The War on Wellons: The Misleading Mailers in a Crucial NC State Senate Race

NC Democrats need candidates like Allen Wellons to win if they're going to seize the state Senate majority. (Image via Wellons' campaign)

By Max Millington

October 23, 2020

The race for state Senate District 11 between Allen Wellons and Lisa Barnes has turned nasty. But Wellons says the attacks on him from a PAC backing Barnes are misleading voters.

Election years are always full of negative advertising, but one North Carolina state Senate candidate says he’s being unfairly targeted by misleading mailers. 

Johnston County attorney and farmer Allen Wellons, a Democrat, is running for the crucial District 11 seat that includes part of Johnston County and Nash County in the state Senate, one that could determine the balance of power in the legislature. He’s facing current state representative and farmer Lisa Barnes of Rocky Mount. 

The race has already been an abrasive one, but Wellons — a former state lawmaker — says a series of mailers from a group supporting Barnes is circulating a debunked story about him using his political pull to commandeer a state-owned generator for his tobacco farm in the immediate aftermath of Hurricane Fran in 1996. Public records show Wellons was not serving on the state Senate until January 3, 1997, four months after Hurricane Fran made landfall in NC. 

And a second mailer depicts Wellons in an orange prison jumpsuit, noting he was once arrested for trespassing at a government building. The advertising neglects to mention that the charges were dismissed and the arrest was part of Rev. William Barber II’s Moral Monday protest movement, which centered on the GOP-controlled state legislature’s votes to block Medicaid expansion and cut public education funding. 

READ MORE: Why North Carolinians Should Care about Allen Wellons

The mailers were distributed by the Citizens for a Better NC Senate PAC, which, as of their July campaign finance report, had spent more than $335,000 this year on several key state legislative races, including the Wellons-Barnes race in District 11. The Differentiators LLC, the company behind  Citizens for a Better NC Senate, did not return requests for comment.

Mailers have also targeted Barnes, although they’ve chiefly focused on her alignment with a GOP majority that has opposed Medicaid expansion, a mostly federally-funded boost for health insurance for low-income North Carolinians. 

Barnes did not respond to a request for an interview, but Wellons talked to Cardinal & Pine about their race and the advertising. 

C&P: What were some of the immediate needs after Hurricane Fran and how were they being met? 

Wellons: Fran was a devastating hurricane and when it came, it tore down a lot of trees, especially out in the countryside. So we were out of electricity in the towns for about two days. But in the rural areas, we were out for almost a week. 
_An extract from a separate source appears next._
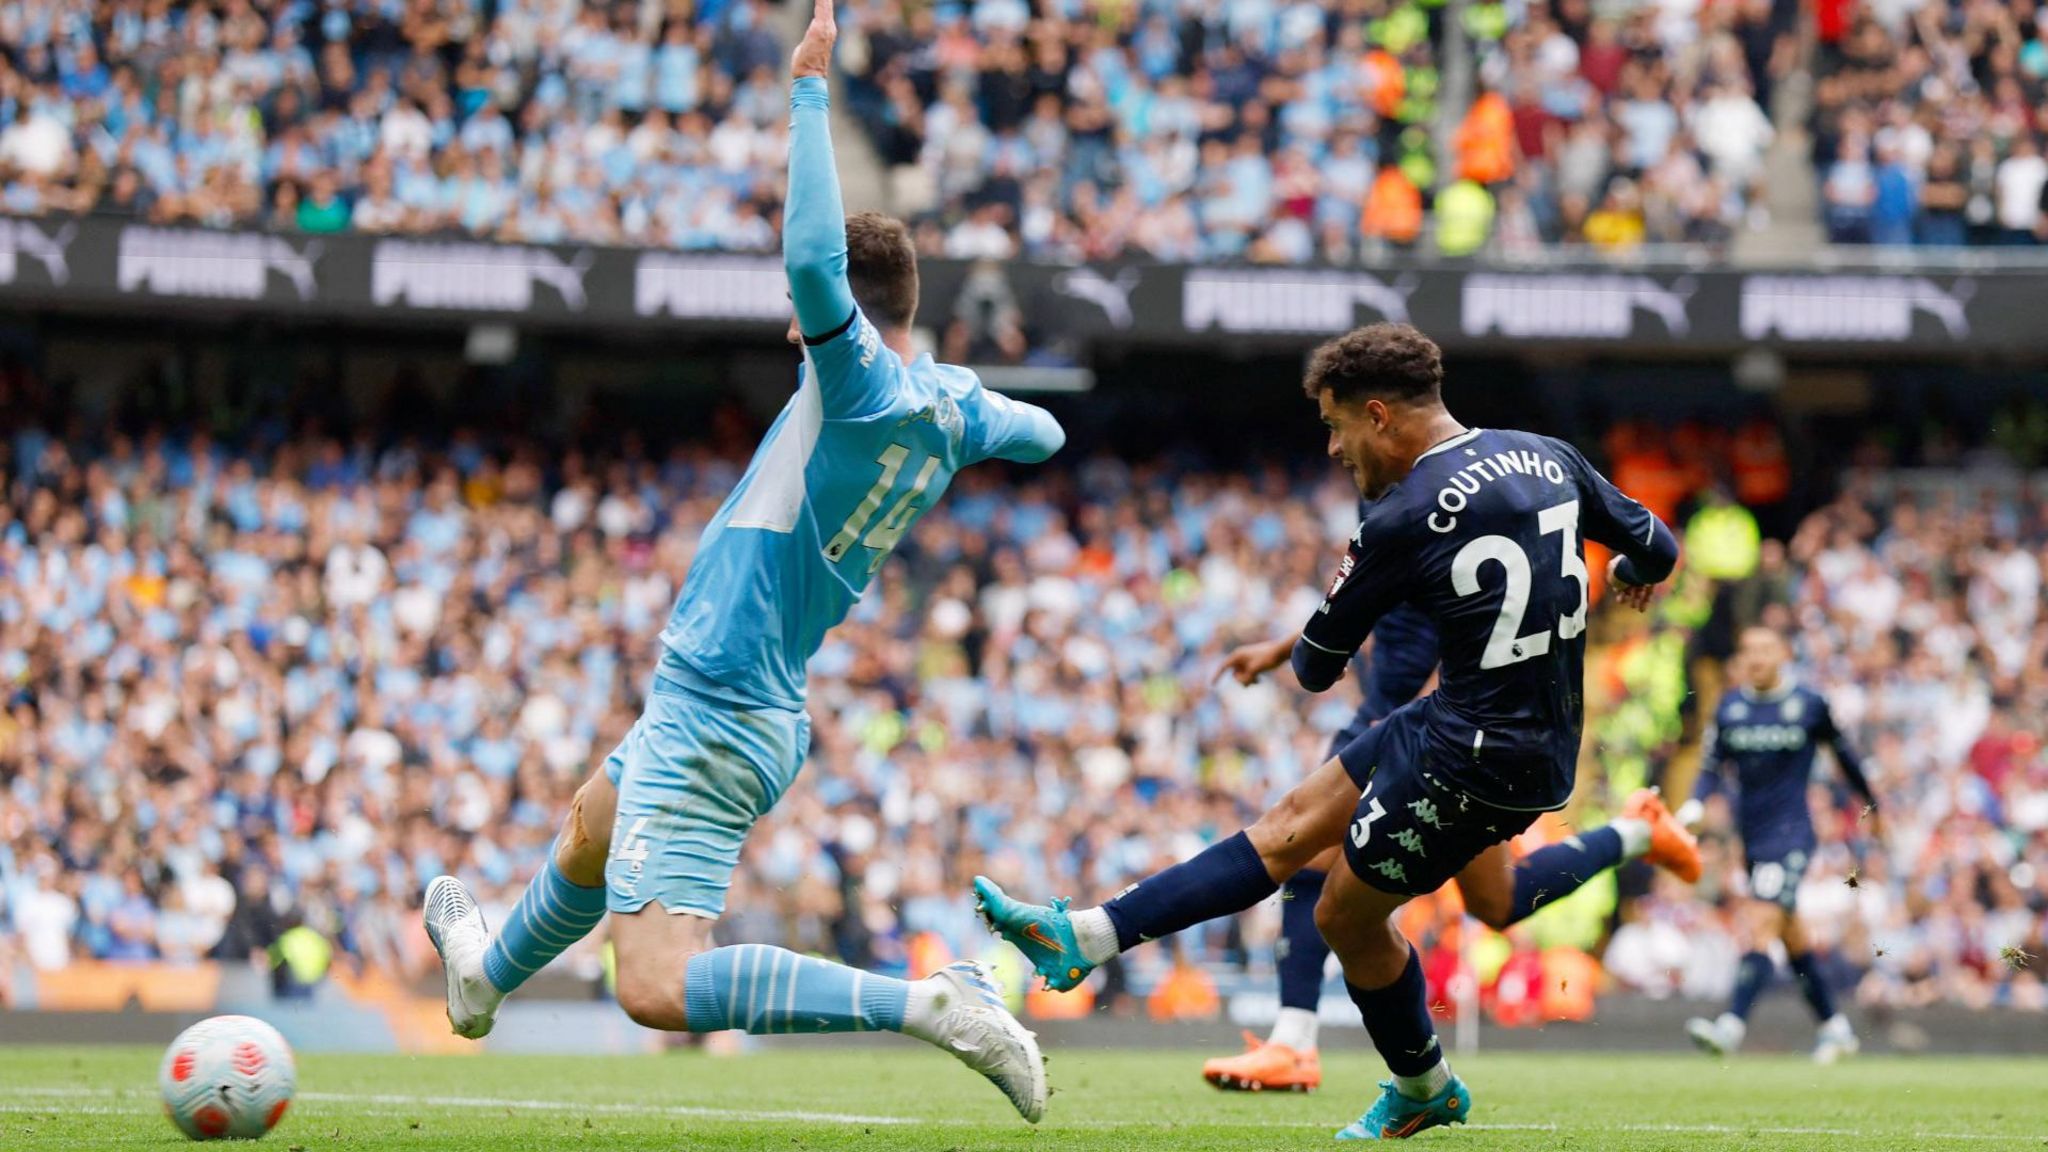 Manchester City 3-2 Aston Villa - Goals and highlights - Premier

This was the end of tobacco season, and for the farmers that lost the remainder of their crops that were in the field, what they had left in tobacco was in their barns. Tobacco can only stay in barns without electricity for about three days. After the third day following Fran, the National Guard found out that all the human services had been met.  

I called Raleigh and encouraged them to release the backup generators so they could be used by the farmers to save their crop. There were a number of farmers that got the generators and were very grateful that it saved their crop and really saved their year.

One of the farmers was farming on land owned by my family. I did not know they were going to get a generator, but they did and it saved their crop. 

C&P: Let’s talk about the mailer that claims you were arrested for trespassing at a government building. What was that about? 

Wellons: I went to Raleigh and went to the legislature and protested. Legislators failure to expand Medicaid was a topic of one of the first Moral Mondays with Reverend William Barber and I think there were 150 North Carolinians that were arrested that time.

I wanted to take a stand as a citizen, and say, this is wrong. We’re denying people in North Carolina health care and it’s all been paid for by our tax dollars. So we went up to the legislature, and I was able to talk to the crowd. And then we walked into the building and walked around, and it was a Monday night, so the legislature was not in session. But we did get their attention. 

[The police] asked us to leave [and when we didn’t] we were arrested and taken down and booked and then released. It was one of the best things that I’ve done as a private citizen to stand up for the rights of North Carolinians. And that’s something I’ve always prided myself on doing.